Meses de estrictas medidas de cuarentena en toda Colombia han llevado a calles vacías y graves dificultades económicas para los cientos de miles de migrantes venezolanos que llegan a fin de mes a través del trabajo informal.
Por Primer Informe
Entre ellos se encuentra Gabriela Mota. Ella vende hielo de su casa para ganar suficiente dinero para alimentar a sus dos hijos pequeños y pagar el alquiler en la ciudad de Cúcuta, cerca de la frontera con su natal Venezuela.
Dado que a mediados de marzo se implementaron medidas estrictas de distanciamiento social para luchar contra la COVID-19, ya no puede vender comida en la calle ni coser, el trabajo que la había ayudado a sobrevivir. «Me temo que si salgo a vender, podría traer el virus a casa conmigo», dice. Aún así, Gabriela prefiere quedarse y se considera afortunada.
Como ella, muchas mujeres venezolanas que continúan viviendo en Colombia se enfrentan no solo a una economía difícil provocada por las restricciones debido a la pandemia. También se enfrentan a aumentos en la violencia doméstica y nuevos riesgos de explotación y abuso sexual.
Los tiempos difíciles han llevado a algunos venezolanos a irse, a pesar de las restricciones de viaje. Más de 76,000 ya han regresado a su país de origen, según las autoridades migratorias de Colombia. El gobierno estima que otros 24,000 están esperando regresar, de un total de 1.8 millones de migrantes venezolanos que actualmente viven en Colombia.
Mujeres con hijos han sido desalojadas y ahora duermen en las calles de Cúcuta. (Foto: The New York Times)
Colombia cerró su frontera con Venezuela el 15 de marzo y ordenó a la ciudadanía no salir a la calle.

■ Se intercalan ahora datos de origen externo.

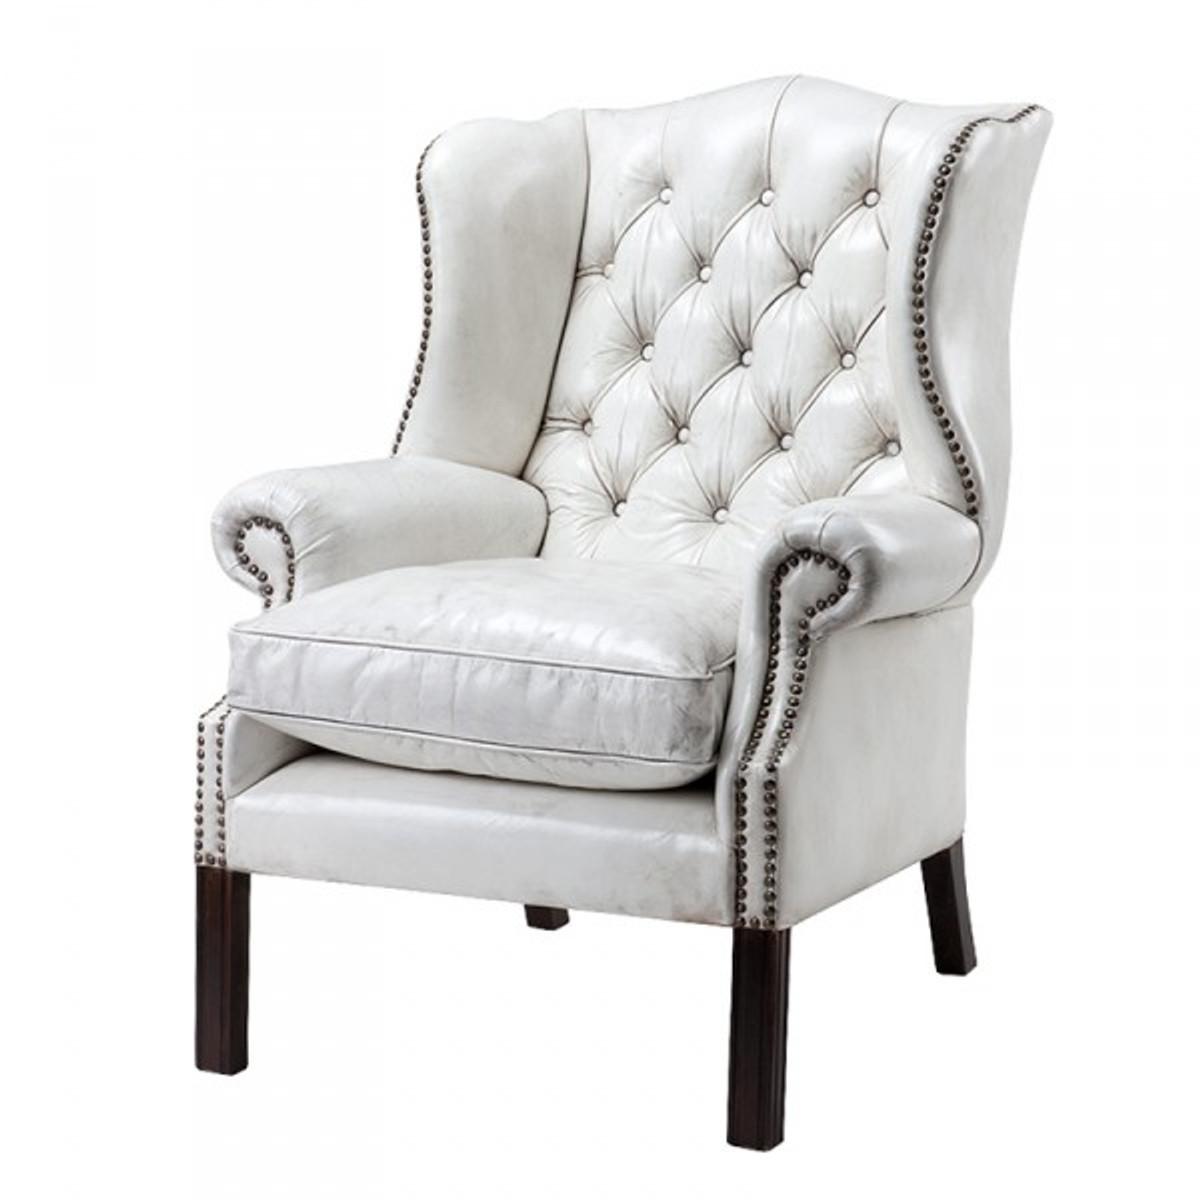 Luxus Echtleder Ohrensessel Chesterfield Vintage Weiß Sessel Mit

El país también suspendió los vuelos internacionales hasta agosto en un esfuerzo por contener la propagación del coronavirus.
Más violencia contra las mujeres
Aunque es difícil precisar cifras, lo que sucede en la frontera sugiere una mayor necesidad de refugio, atención médica y asesoramiento entre las mujeres venezolanas en Colombia, particularmente porque muchos centros de ayuda cerraron debido a COVID-19.
Cientos de mujeres que llegaron a Colombia antes del brote de COVID-19 se han visto desalojadas y duermen en las calles con sus hijos. Algunas esperan regresar a Venezuela, otras desean permanecer en Colombia.
Los riesgos para una mujer o una niña que duermen en la calle son diferentes a los de un hombre, dice Carolina Moreno, directora del Centro de Estudios de Migración de la Universidad de los Andes en Bogotá. Las mujeres son más vulnerables a la explotación y el abuso sexual.
«El riesgo de ser abusado sexualmente es enorme, y eso, sumado al temor de denunciar, las coloca en el peor escenario cuando se trata de falta de protección», explica Moreno.
Para las mujeres que permanecen en el hogar, la violencia a manos de parejas íntimas mientras dura el aislamiento parece estar en aumento, un fenómeno que ocurre en muchos otros lugares del mundo. Las llamadas a las líneas directas de violencia doméstica en Colombia se dispararon al principio del cierre, con un promedio de 122 por día entre el 25 de marzo y el 11 de abril frente a 53 por día en el mismo período de 2019.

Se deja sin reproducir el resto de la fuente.